Instructions for the task: Write out the entries again exactly as they are given.

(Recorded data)

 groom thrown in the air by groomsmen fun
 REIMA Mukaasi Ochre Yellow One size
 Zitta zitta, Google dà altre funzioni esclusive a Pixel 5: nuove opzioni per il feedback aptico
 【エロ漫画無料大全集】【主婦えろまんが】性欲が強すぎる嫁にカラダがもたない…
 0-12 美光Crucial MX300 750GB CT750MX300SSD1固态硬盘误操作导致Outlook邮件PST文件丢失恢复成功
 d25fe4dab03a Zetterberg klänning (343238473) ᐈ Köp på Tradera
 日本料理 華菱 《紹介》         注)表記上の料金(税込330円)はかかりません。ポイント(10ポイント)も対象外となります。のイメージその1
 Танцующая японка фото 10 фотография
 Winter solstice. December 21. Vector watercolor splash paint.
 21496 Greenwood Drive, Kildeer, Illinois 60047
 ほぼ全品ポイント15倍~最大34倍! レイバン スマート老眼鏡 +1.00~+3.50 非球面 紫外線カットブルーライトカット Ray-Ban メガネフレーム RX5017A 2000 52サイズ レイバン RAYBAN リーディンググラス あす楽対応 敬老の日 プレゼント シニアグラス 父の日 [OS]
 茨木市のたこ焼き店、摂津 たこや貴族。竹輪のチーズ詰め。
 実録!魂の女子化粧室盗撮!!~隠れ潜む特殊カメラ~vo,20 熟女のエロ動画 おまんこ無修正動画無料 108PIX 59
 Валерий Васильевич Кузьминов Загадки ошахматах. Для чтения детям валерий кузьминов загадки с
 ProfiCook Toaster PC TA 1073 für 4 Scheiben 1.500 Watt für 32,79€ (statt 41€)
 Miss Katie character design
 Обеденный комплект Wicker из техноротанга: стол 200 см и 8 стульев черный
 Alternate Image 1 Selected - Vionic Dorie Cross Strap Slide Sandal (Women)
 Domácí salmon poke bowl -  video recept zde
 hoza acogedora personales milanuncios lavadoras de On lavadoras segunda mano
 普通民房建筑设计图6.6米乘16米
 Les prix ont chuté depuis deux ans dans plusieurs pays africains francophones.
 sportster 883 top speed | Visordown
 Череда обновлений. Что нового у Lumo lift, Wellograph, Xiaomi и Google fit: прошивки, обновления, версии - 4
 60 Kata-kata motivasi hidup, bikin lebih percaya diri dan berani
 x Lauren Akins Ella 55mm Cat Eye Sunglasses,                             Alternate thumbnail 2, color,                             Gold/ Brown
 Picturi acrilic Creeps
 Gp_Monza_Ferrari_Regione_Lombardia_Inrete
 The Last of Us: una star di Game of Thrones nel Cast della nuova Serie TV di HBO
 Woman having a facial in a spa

Response for this exercise:
 groom thrown in the air by groomsmen fun
 REIMA Mukaasi Ochre Yellow One size
 Zitta zitta, Google dà altre funzioni esclusive a Pixel 5: nuove opzioni per il feedback aptico
 【エロ漫画無料大全集】【主婦えろまんが】性欲が強すぎる嫁にカラダがもたない…
 0-12 美光Crucial MX300 750GB CT750MX300SSD1固态硬盘误操作导致Outlook邮件PST文件丢失恢复成功
 d25fe4dab03a Zetterberg klänning (343238473) ᐈ Köp på Tradera
 日本料理 華菱 《紹介》         注)表記上の料金(税込330円)はかかりません。ポイント(10ポイント)も対象外となります。のイメージその1
 Танцующая японка фото 10 фотография
 Winter solstice. December 21. Vector watercolor splash paint.
 21496 Greenwood Drive, Kildeer, Illinois 60047
 ほぼ全品ポイント15倍~最大34倍! レイバン スマート老眼鏡 +1.00~+3.50 非球面 紫外線カットブルーライトカット Ray-Ban メガネフレーム RX5017A 2000 52サイズ レイバン RAYBAN リーディンググラス あす楽対応 敬老の日 プレゼント シニアグラス 父の日 [OS]
 茨木市のたこ焼き店、摂津 たこや貴族。竹輪のチーズ詰め。
 実録!魂の女子化粧室盗撮!!~隠れ潜む特殊カメラ~vo,20 熟女のエロ動画 おまんこ無修正動画無料 108PIX 59
 Валерий Васильевич Кузьминов Загадки ошахматах. Для чтения детям валерий кузьминов загадки с
 ProfiCook Toaster PC TA 1073 für 4 Scheiben 1.500 Watt für 32,79€ (statt 41€)
 Miss Katie character design
 Обеденный комплект Wicker из техноротанга: стол 200 см и 8 стульев черный
 Alternate Image 1 Selected - Vionic Dorie Cross Strap Slide Sandal (Women)
 Domácí salmon poke bowl -  video recept zde
 hoza acogedora personales milanuncios lavadoras de On lavadoras segunda mano
 普通民房建筑设计图6.6米乘16米
 Les prix ont chuté depuis deux ans dans plusieurs pays africains francophones.
 sportster 883 top speed | Visordown
 Череда обновлений. Что нового у Lumo lift, Wellograph, Xiaomi и Google fit: прошивки, обновления, версии - 4
 60 Kata-kata motivasi hidup, bikin lebih percaya diri dan berani
 x Lauren Akins Ella 55mm Cat Eye Sunglasses,                             Alternate thumbnail 2, color,                             Gold/ Brown
 Picturi acrilic Creeps
 Gp_Monza_Ferrari_Regione_Lombardia_Inrete
 The Last of Us: una star di Game of Thrones nel Cast della nuova Serie TV di HBO
 Woman having a facial in a spa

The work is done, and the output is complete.